The Mariner IV spacecraft, having achieved its mission
objectives and now in its 300th day of flight, will receive a
command from Earth next week, concluding--but possibly only
temporarily--the National Aeronautics and Space Administration's
longest and most complex deep space mission.
Since launch November 28, 1964, Mariner IV has transmit-
ted to Earth nearly 50 million engineering and scientific
measurements on the environment of interplanetary space and in
the vicinity of Mars. It flew past Mars last July 14 at an
altitude of 6118 miles, recording the first close-up pictures of
the planet's surface.
After October 1, when the ground command switches the
spacecraft transmitter from Mariner's high-gain directional
antenna to an omnidirectional antenna, telemetry from Mariner IV
will cease.
Although next week will mark the end of useful
telemetry between Mariner IV and Earth during 1965, project
officials at the Jet Propulsion Laboratory said the spacecraft
will continue transmitting and may renew its radio link with
Earth in 1967.
During the next two years, it will be possible to track
Mariner IV only with a new 210-foot antenna, which will begin
operation in April, 1966, at the Goldstone Space Communication
Station in California. No telemetry will be received during this
-2-
period, but periodic tracking of the spacecraft as it orbits the sun
will determine whether or not its transmitter is still operating.

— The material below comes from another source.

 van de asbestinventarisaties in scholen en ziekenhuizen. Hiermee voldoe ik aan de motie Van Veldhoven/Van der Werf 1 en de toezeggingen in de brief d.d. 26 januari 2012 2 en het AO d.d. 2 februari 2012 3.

Tracking data during the long cruise will help in the
evaluation of the new giant antenna system and hopefully will
allow trajectory analysts to increase the accuracy of the known
relative positions of Earth and Mars.
In June, 1967, Mariner IV and the Earth will be about
30 million miles apart, a distance over which communications can
be resumed with the low-gain antenna. JPL engineers said several
months of useful telemetry may be obtained at that time if the
transmitter and other critical systems continue to operate.
Next Friday's antenna switchover command will be sent by
a 100 kilowatt transmitter and beamed at the spacecraft from one
of Goldstone's three 85-foot antennas. Some 17 minutes later, the
command will reach Mariner, more than 191 million miles away.

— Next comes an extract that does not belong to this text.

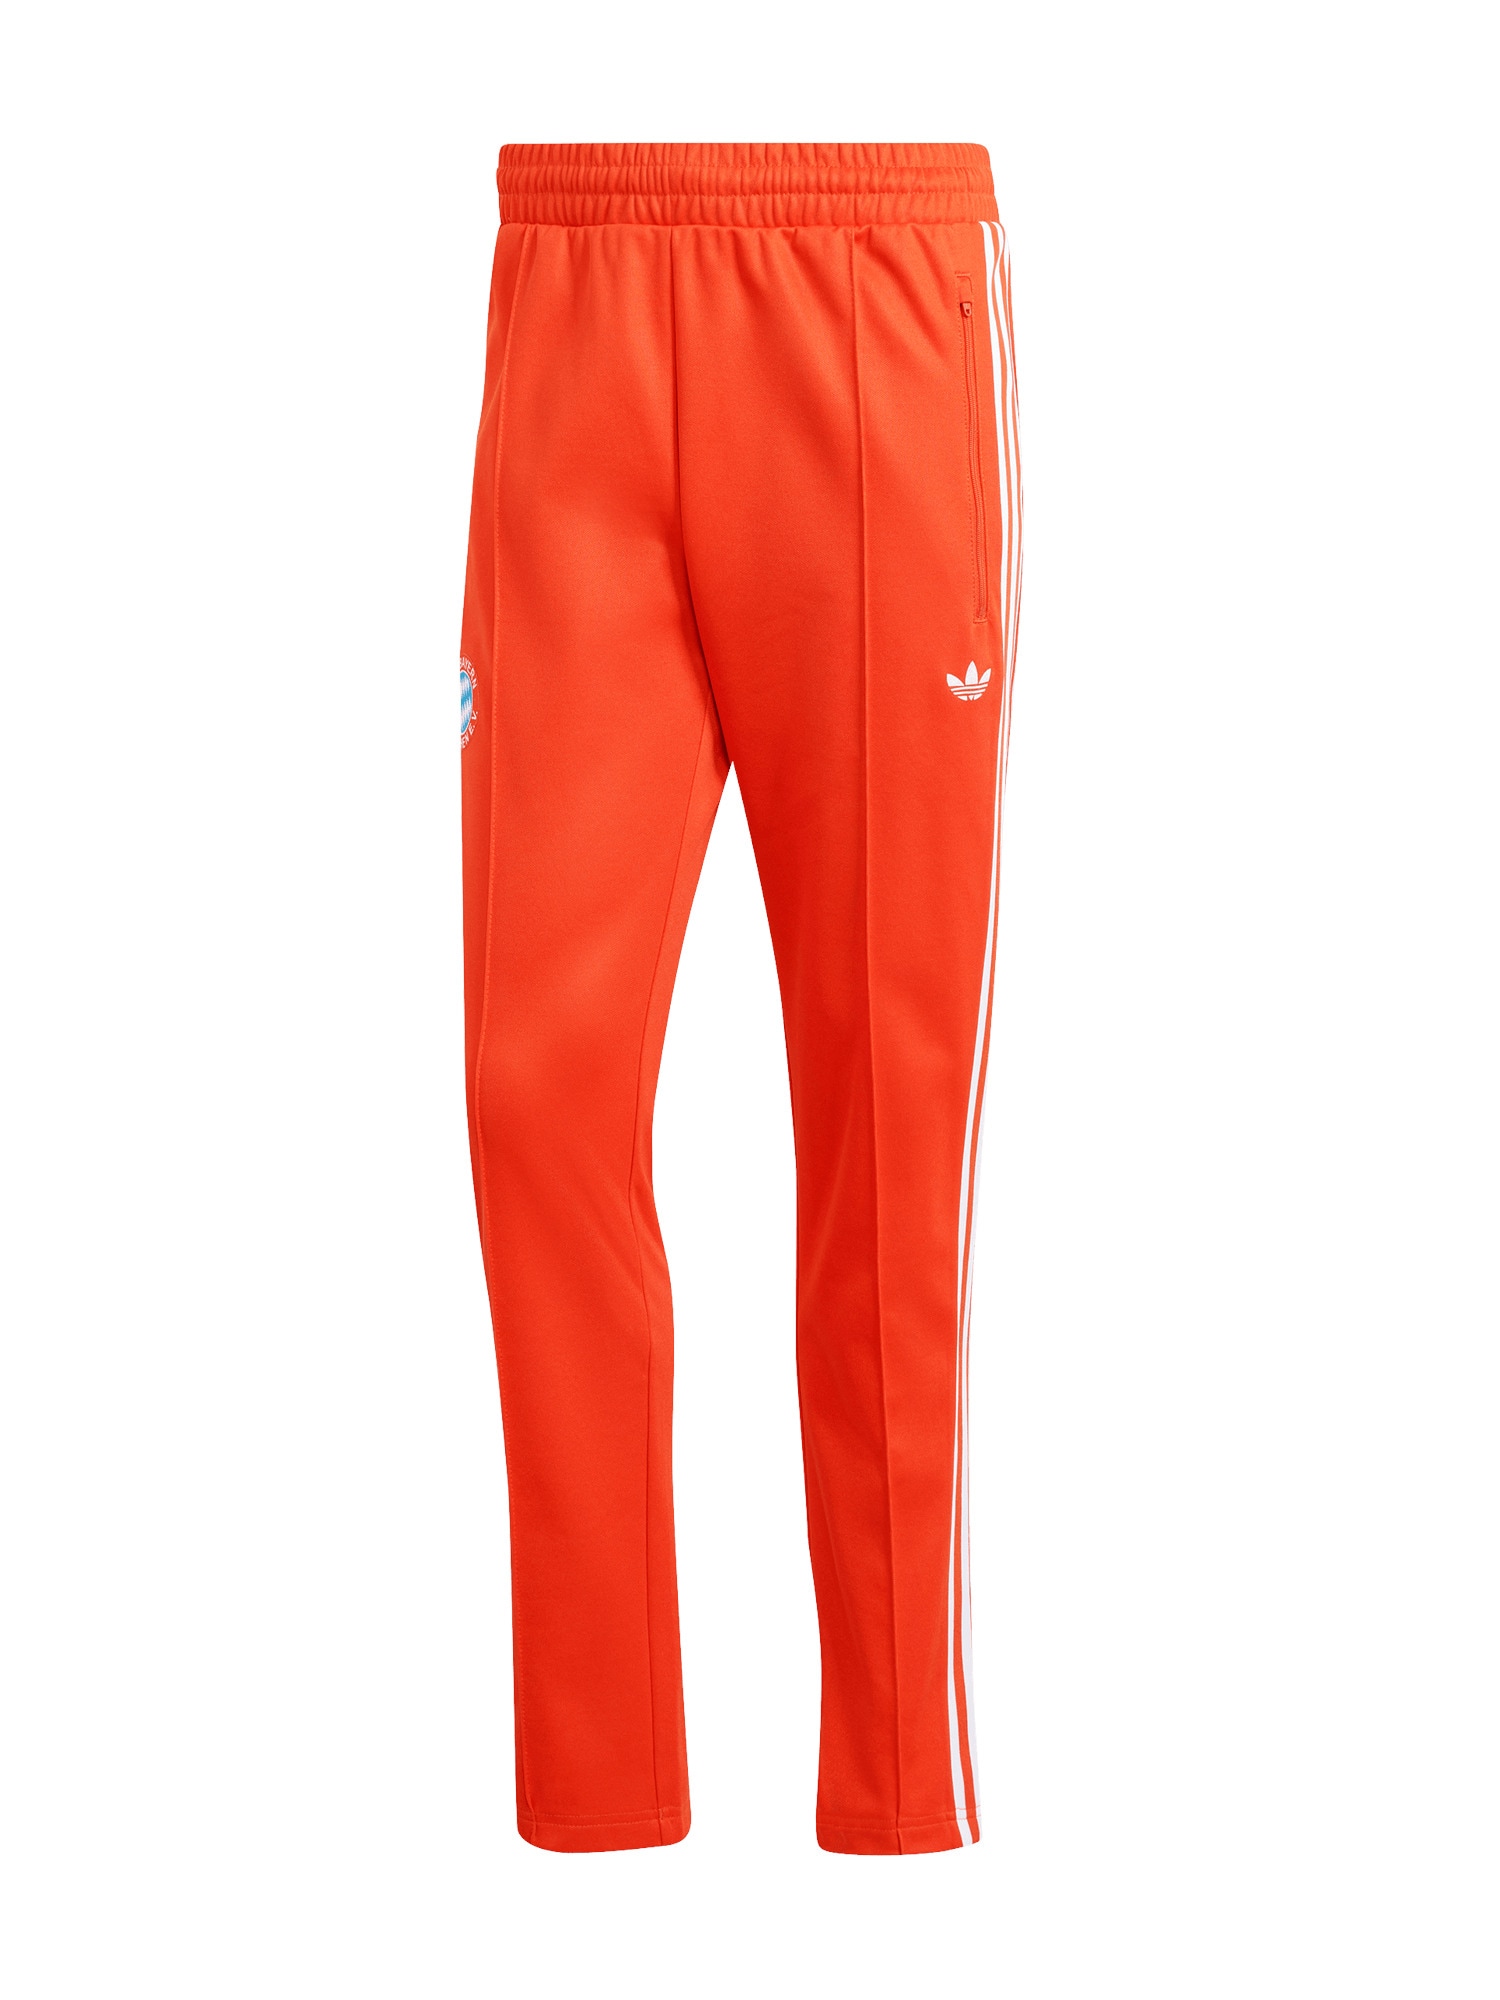 ADIDAS PERFORMANCE Športové nohavice 'FCB'  oranžovo červená / biela

Another 17 minutes will pass before engineers in the operations
center at JPL receive the final bits of information.
In addition to acting upon on-board commands from its
central computer and sequencer, Mariner IV has received to date 84
ground commands from Goldstone and the four other stations of
NASA's Deep Space Network, located in Johannesburg, South Africa;
Madrid, Spain; and near Woomera and Canberra, both in Australia.
At 5 p.m. Pacific Daylight Time today, Mariner IV will be
187,152,860 miles from Earth and 17,606,438 miles from Mars. It has
travelled more than 410 million miles in its orbit around the sun.